The centre - officially formed last December - is not a "centre" in the physical sense. More, it is a group of six people housed in municipal hall who will monitor the Whistler 2020 process, as well as work with Whistler and other B.C. communities on sustainability initiatives. Ho was hired in December; almost all the other five were already municipal employees.

Ho said the centre will work on all forms of suitability, from environmental to social to economic.

The centre's first big project will be to help the City of Williams Lake develop a sustainability plan. The centre, in partnership with Smart Growth B.C. and The Natural Step Canada, is in the final stages of signing a $175,000 contract with the northern city. Whistler will get $40,000 of that money.

"Was I surprised to get the contract? Yes and no," said Ho.

"When we put the proposal together, it was such a solid proposal that I knew we had a good chance."

The comprehensive project involves reading "everything" Williams Lake has done up to date on sustainability, including the city's official community plan.

"We would then do a visioning exercise with the community to look at their broad goals, and we would do a gap analysis and look at how to get there," said Ho.

Among several other things, the Centre for Sustainability is also involved with the Resort Collaborative Initiative. The project is led by the province to help resort municipalities in B.C. become more sustainable.

But the centre is also looking within Whistler to do work, said Ho.
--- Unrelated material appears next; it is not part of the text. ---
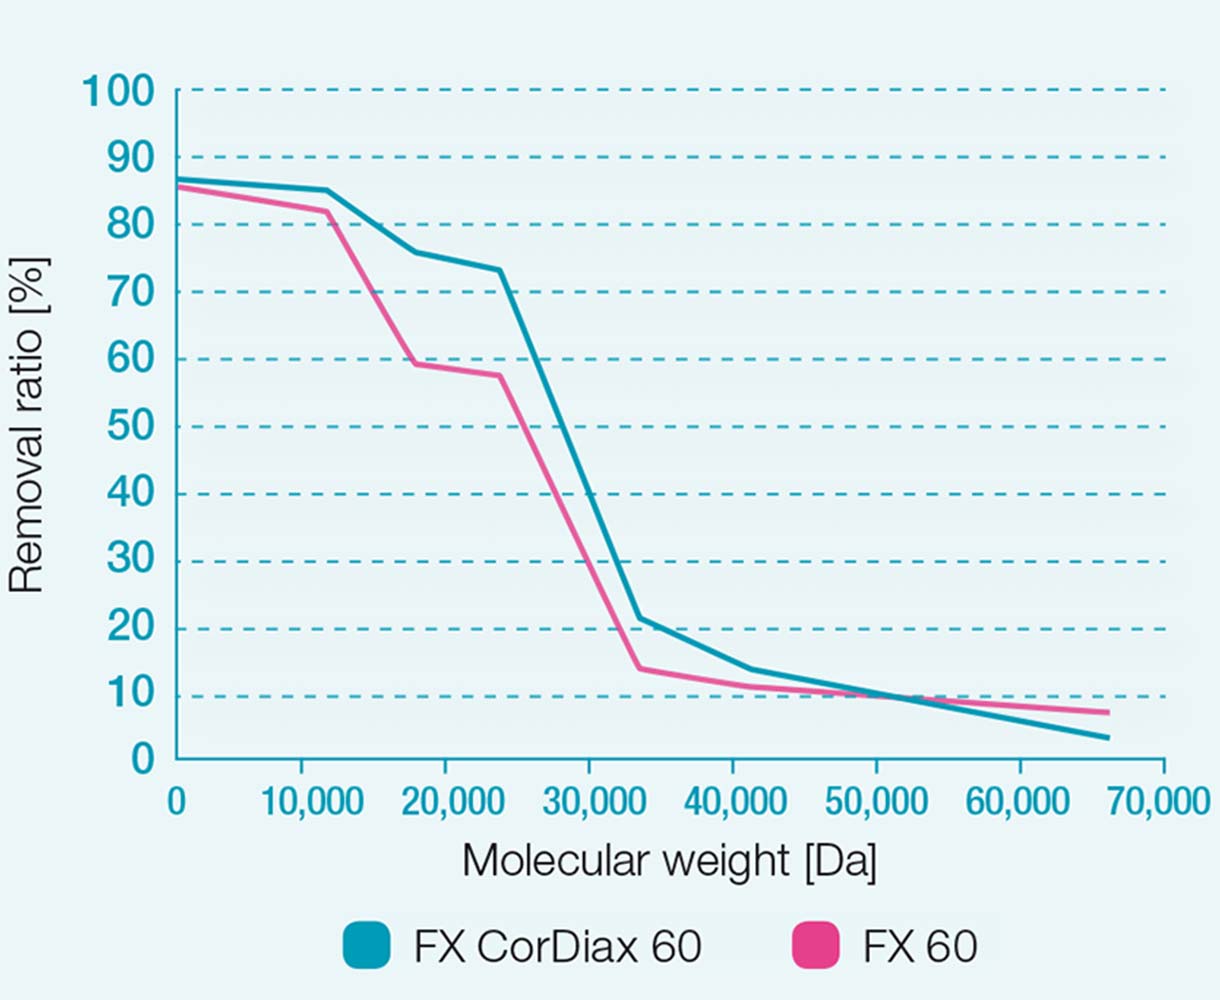 Entfernungsraten der Dialysatoren FX 60 und FX CorDiax 60

In January, her team held a free workshop for the accommodation sector to discuss energy conservation. About 24 people attended, including representatives from big hotel chains and small bed and breakfasts.

Feedback from the session was positive, and Ho said the centre will likely hold a future workshop that examines how the accommodation sector can be more energy efficient and sustainable.
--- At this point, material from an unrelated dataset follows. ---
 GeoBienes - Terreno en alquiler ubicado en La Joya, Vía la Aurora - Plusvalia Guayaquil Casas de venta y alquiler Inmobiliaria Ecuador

Also, the centre will probably start a "green table network" to help restaurants and other food services in Whistler hone their sustainability practices. Such a network was inspired by a similar initiative in Vancouver, said Ho.

Some people in town are concerned the centre will compete directly with local businesses, like Ecosign Mountain Resort Planners and Cascade Environmental Resource Group.

Ho said the aim of the centre in not to compete with these groups.

"We are all about collaboration," stressed Ho.

"We are willing to work with other businesses that can advance our mission, both inside and outside of Whistler."

Ho said Whistler is not the only town developing a non-profit sustainable organization; the City of Portland, Oregon, is also in the midst of launching a similar group.

"I know that financial sustainability is a big question," said Ho.

"I am confident that the sustainability centre will be financially self-sufficient at the end of three years. I know there is interest outside of Whistler for this work and expertise."

The centre's budget for 2009 is $650,000, of which $450,000 will come from the Resort Municipality of Whistler. Another $100,000 will come from a grant from B.C. Hydro to be spent within Whistler on energy sustainability initiatives.

The municipality has committed seed funding worth $120,000 a year for five years.

Ho is still preparing the centre's business plan; but she said a draft version should be ready by April 3 this year.

Before moving to Whistler, Ho worked with Smart Growth B.C. and another non-profit group in sustainability. She also worked as a science teacher for seven years.

"I was always working with students on extra curricular stuff," she said with a laugh, when asked what drove her to sustainability.

Seven people sit on the centre's board of directors: Deborah Curran from the University of Victoria, Bruce Dewar from 2010 LegaciesNow, Doug Forseth from Whistler Blackcomb, Esther Speck from Mountain Equipment Co-op, Charles Steele from Ziptrek Ecotours Inc., John O'Riordan of the University of British Columbia, and former councillor Tim Wake.